Applicant was incorporated as a nonprofit corporation in December, 1992, less than three (3) months prior to applying for licensure. However, the Applicant's club was established as a non-profit membership organization in 1990, more than two (2) years prior to its application for licensure. The Board concludes as a matter of law that Applicant's establishment is a legitimate club, existing for purposes greater than the sale of liquor by the drink, that was established more than three (3) months prior to the date of its application for licensure.
This portion of the Board's decision (like much of the Board's findings of fact and conclusions of law) was taken almost verbatim from the proposed findings submitted by counsel for HHLA. Moreover, the Board accepted HHLA's proposed findings for filing notwithstanding HHLA's failure to serve petitioners; petitioners subsequently moved for sanctions, but their motion was denied. Under these circumstances, we are inclined to accord somewhat less deference to the Board's decision than we ordinarily would. Cf. Sacks v. Rothberg, 569 A.2d 150, 153-54 (D.C. 1990).
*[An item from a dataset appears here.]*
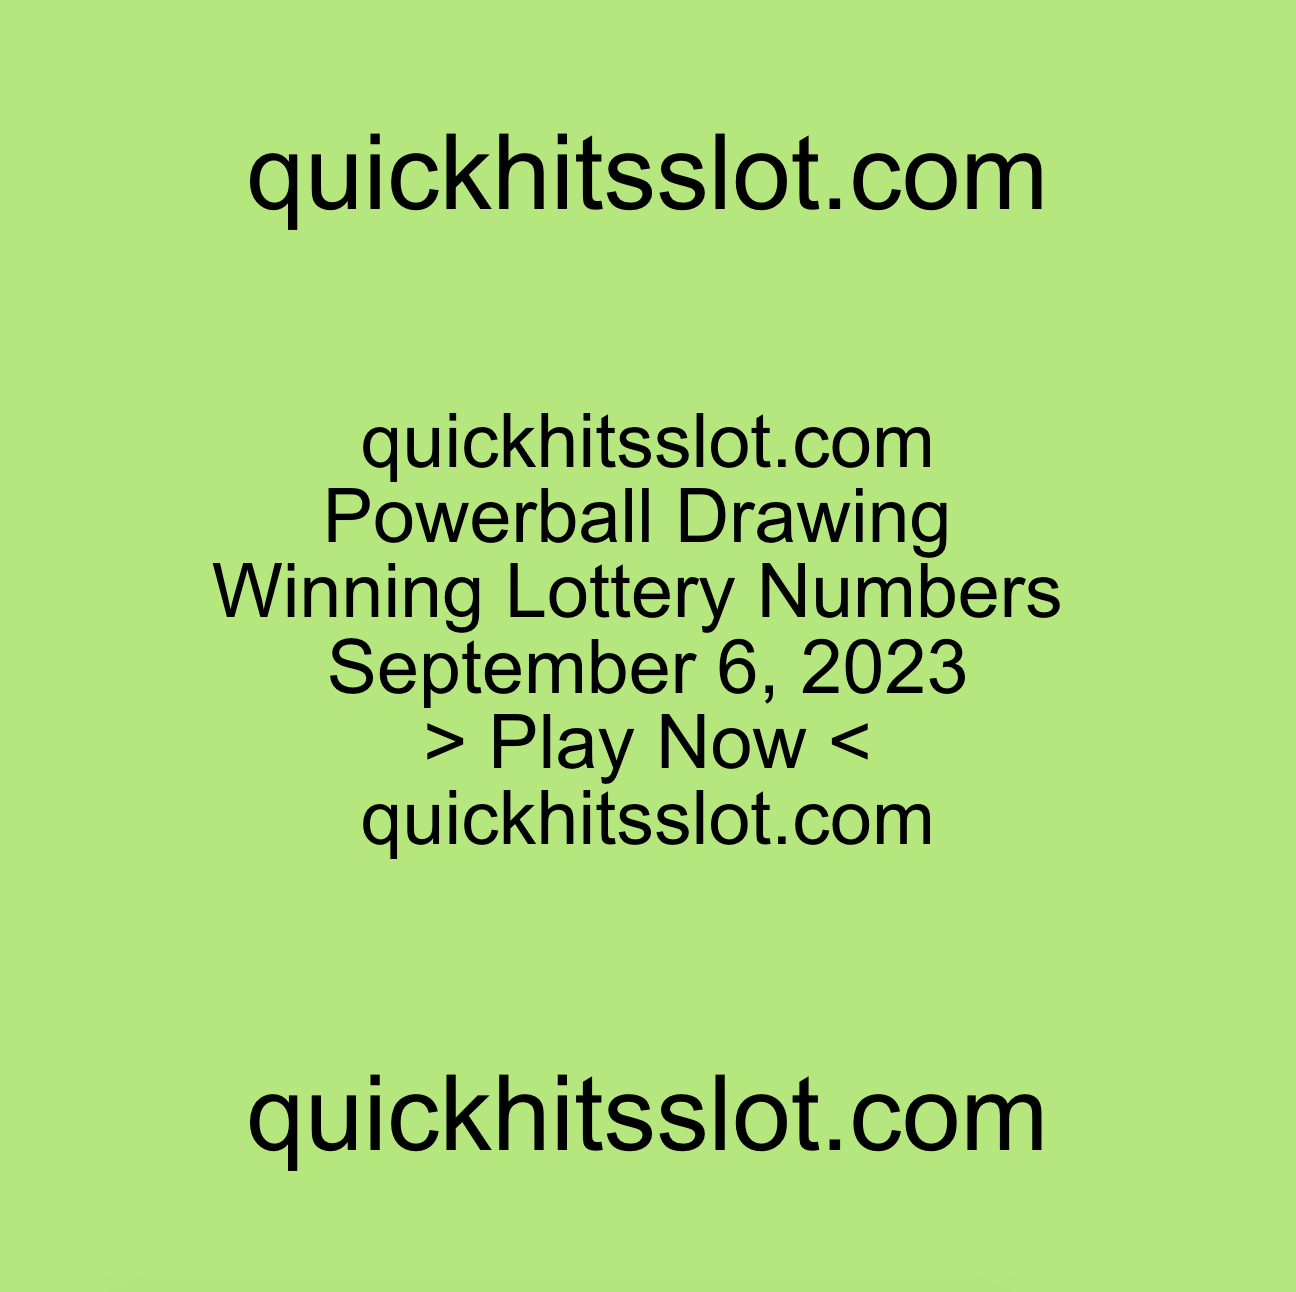 Powerball Drawing Winning Lottery Numbers September 6, 2023

See also note 5, infra.
The Board ordered that a retailer's license be issued for the premises. This petition for review followed.
II.
In 1934, Congress enacted legislation which repealed most of the provisions of the National Prohibition Act and created a comprehensive regulatory regime for the manufacture, sale and possession of alcoholic beverages in the District of Columbia. See Act of January 24, 1934, 48 Stat. 319, now codified as D.C. Code §§ 25-101 et seq. The Act deals explicitly with the circumstances under which a private club may obtain a retailer's license, and provides that "[n]o license shall be issued for a club that has not been established for at least 3 months immediately prior to applying for the license." D.C. Code § 25-111(a)(7)(G)(ii). The Act further provides that "[t]he word 'club' means a corporation for the promotion of some common object (not including corporations organized for any commercial or business purpose, the object of which is money profit). . . ." D.C. Code § 25-103(7).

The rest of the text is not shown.